Electronic Erasable Paper - Xerox Seeks E-Palimpsest

Electronic reusable paper could reduce waste; as many as 40% of paper copies in offices are used for only a single day. Xerox is still looking for the perfect palimpsest, which is the word scholars use to describe a piece of writing material that has been erased and used again. The word "palimpsest" comes from two Greek root words meaning "scraped again."

(Codex Ephraemi Rescriptus palimpsest [5th Cent. Greek] close-up)
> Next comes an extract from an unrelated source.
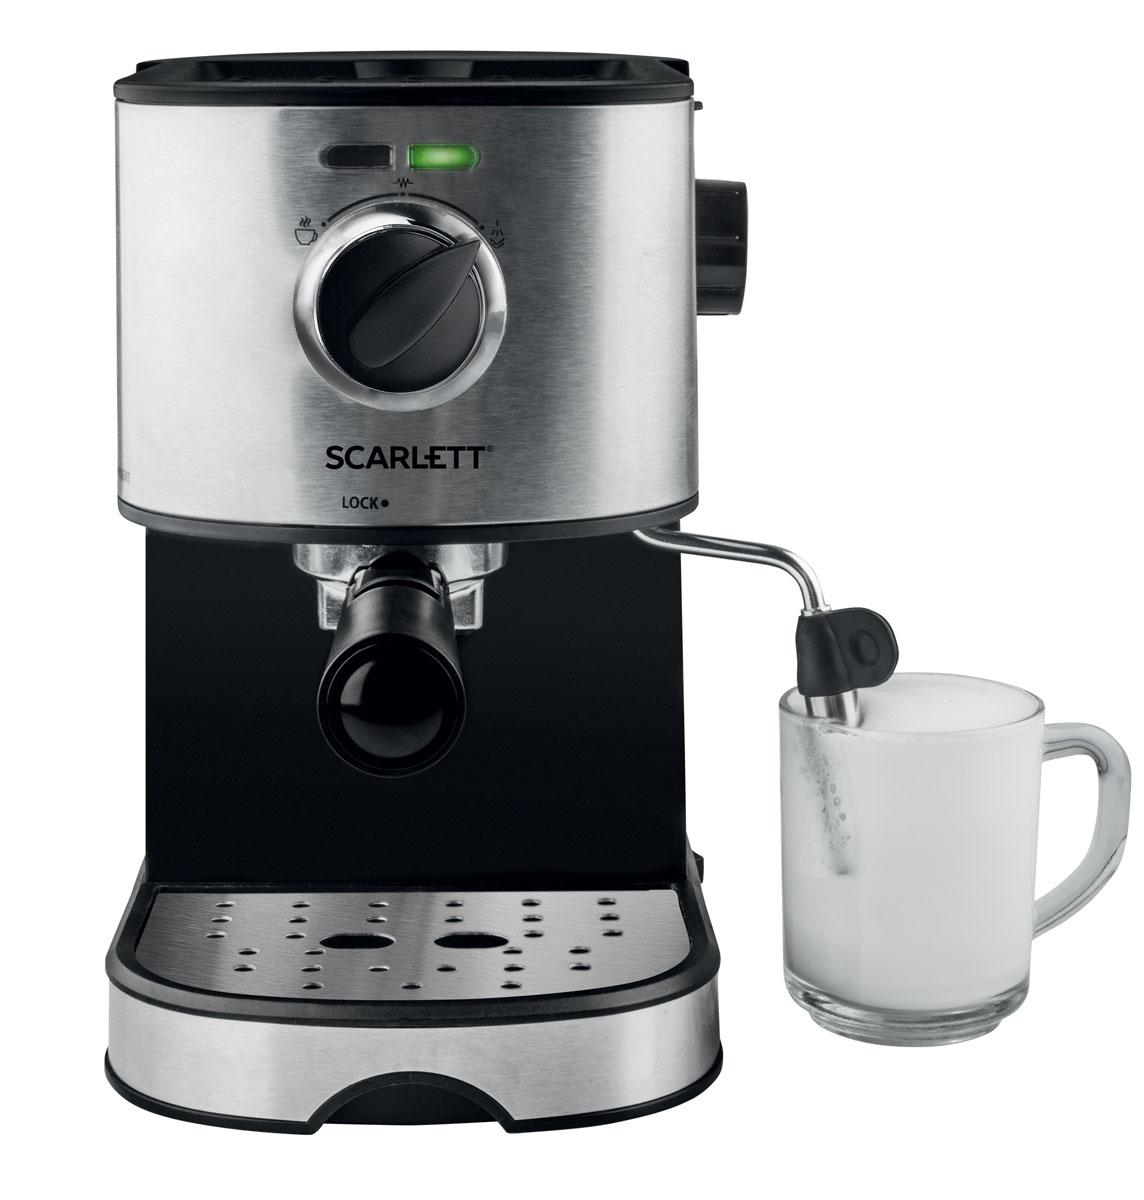 Scarlett SL-CM53001, Black кофеварка - Кофеварки и кофемашины
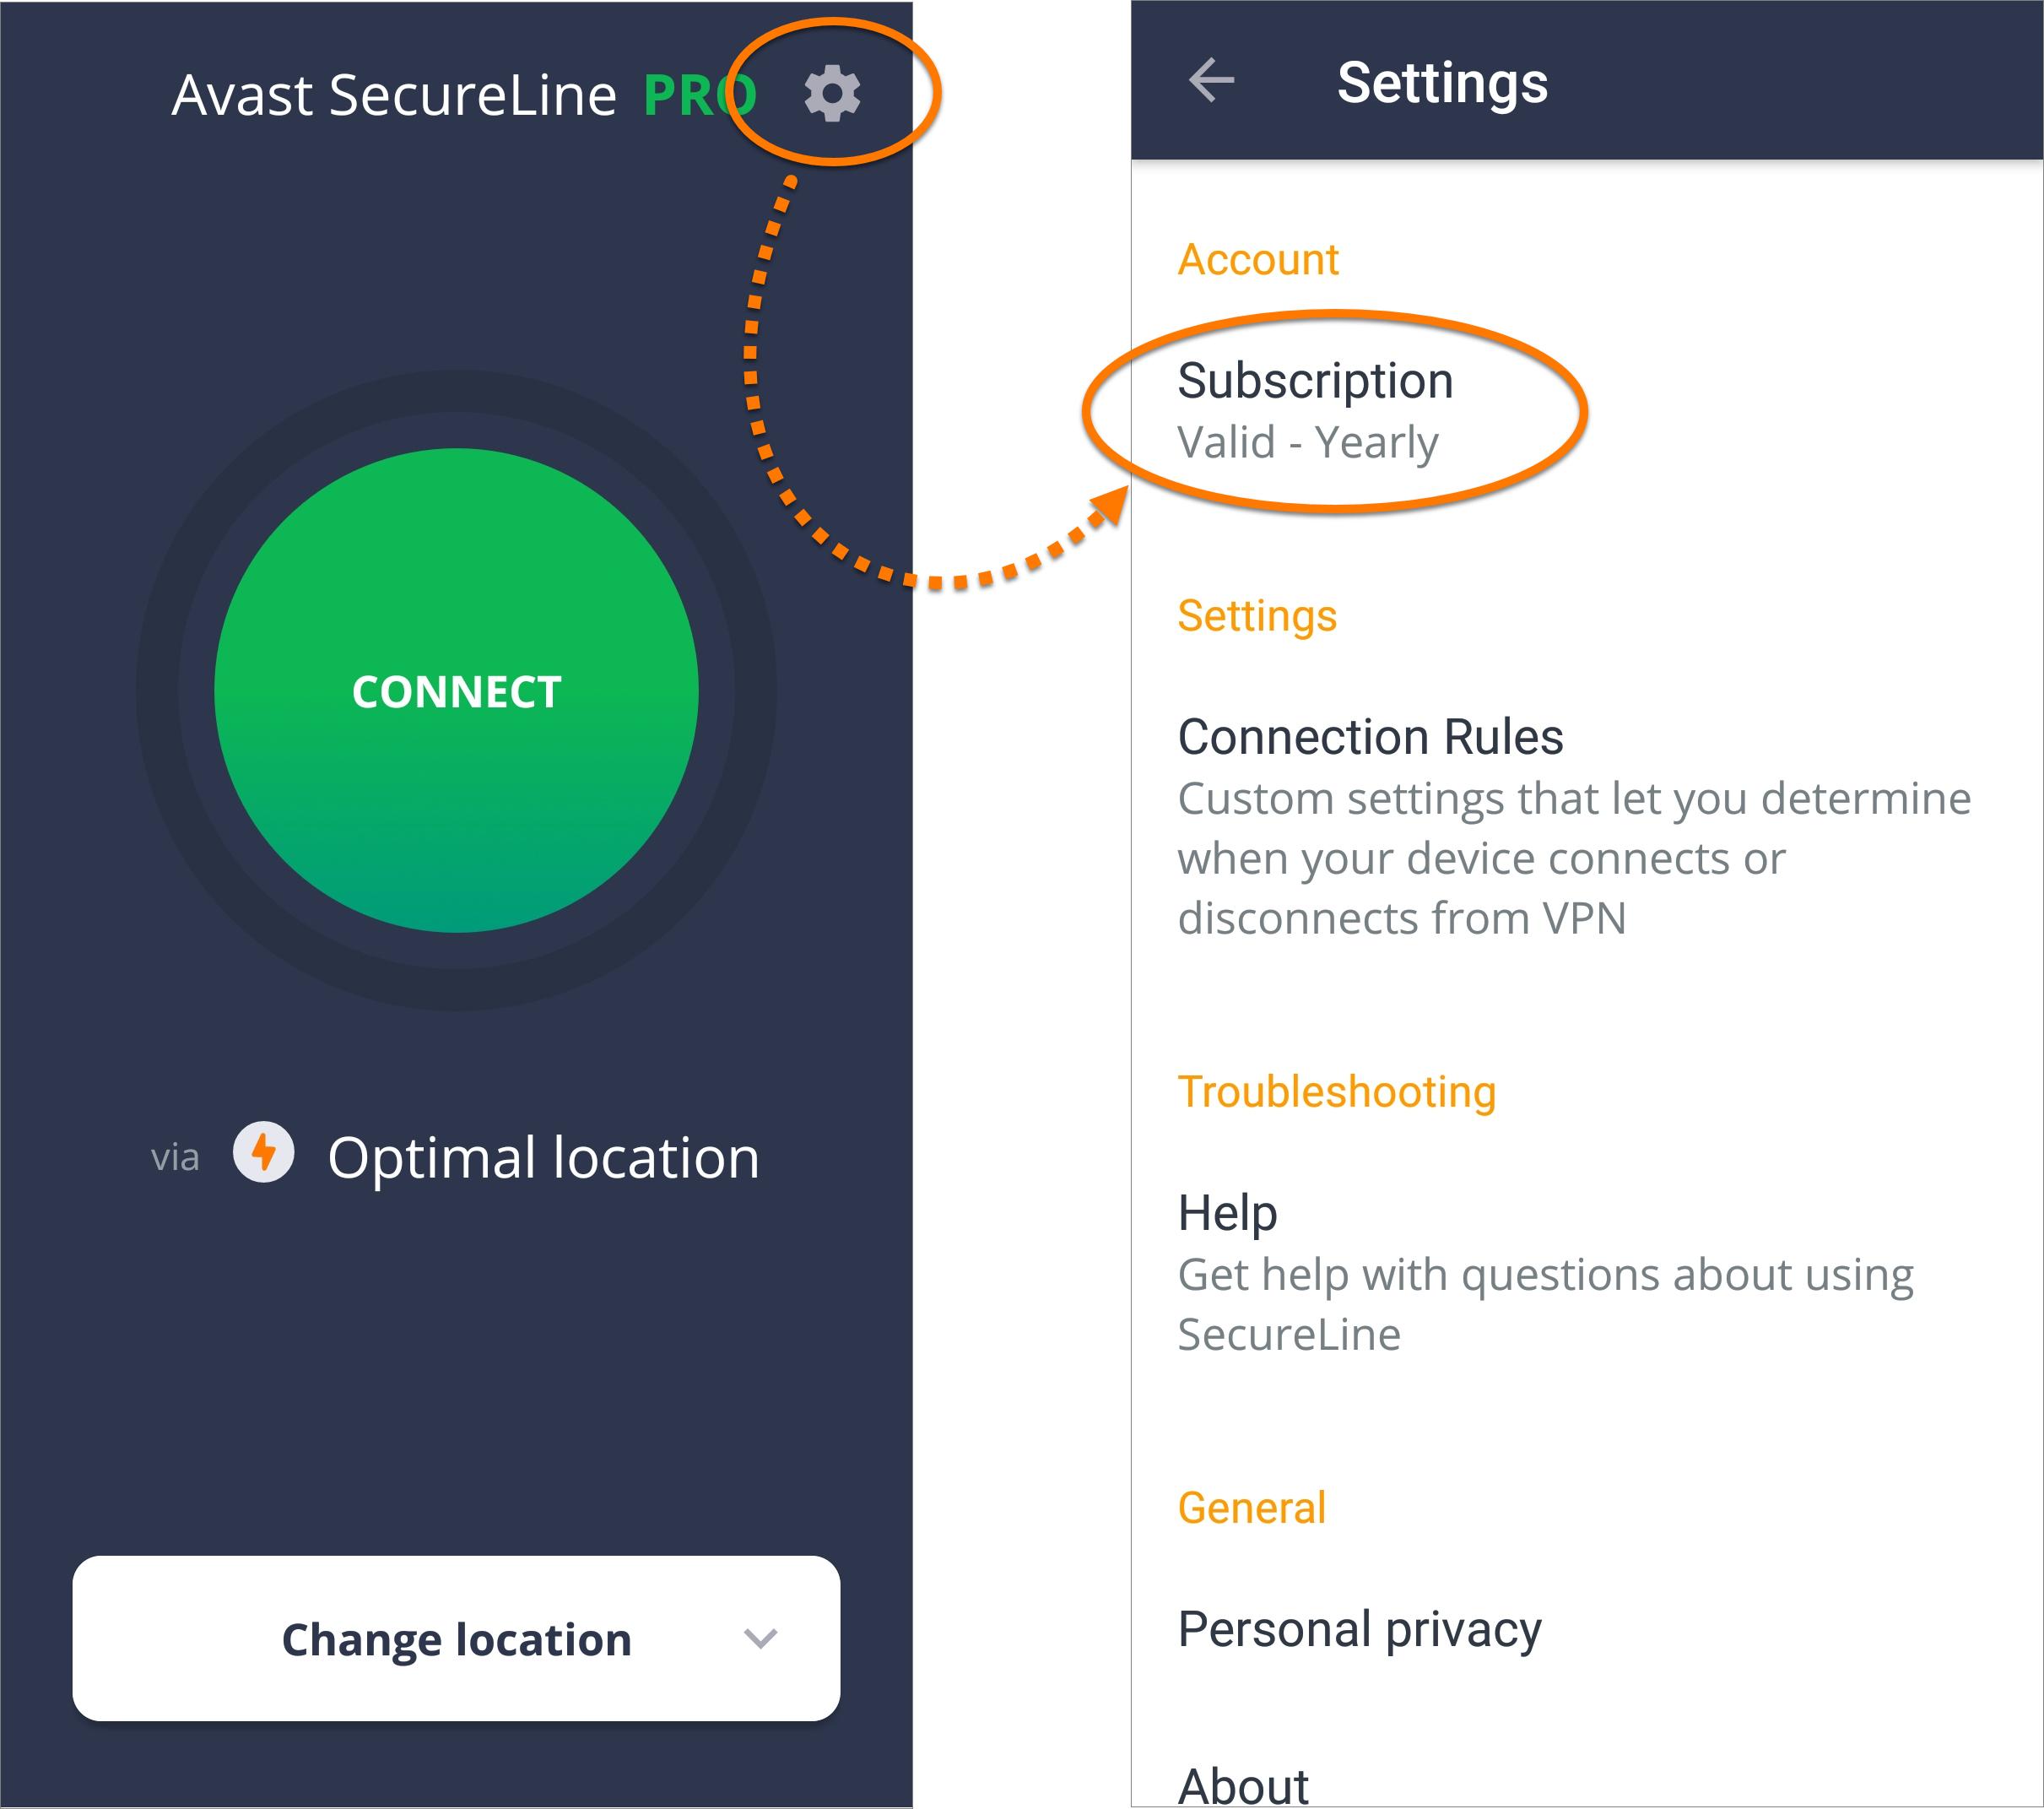 Avast secureline free code | Avast Secureline VPN License ...

The Romans (experienced managers that they were) actually came up with tablets that could be reused. They were made of wood, and covered with wax. Writing was done with a pointed instrument; a straight-edged instrument was used in a razor-like fashion to re-smooth the surface for another use. We get the expression "clean slate" from the Latin tabula rasa, although as you can see above, traces remain of earlier writing.

(Wood Waxed Tablet)

Xerox PARC has already come up with one product that fits the bill (and is somewhat more technologically advanced): Gyricon, which uses a thin layer of transparent plastic composed of small beads.

(Modern E-Palimpsest)

The beads have a light side and a dark side; when a voltage is applied to the bichromal beads at particular places on the sheet, the beads rotate to create an image.

(Gyricon bichromal bead close-up)

The Sony Reader was introduced earlier this year; it uses this technology in a continuously-refreshable form as an electronic book.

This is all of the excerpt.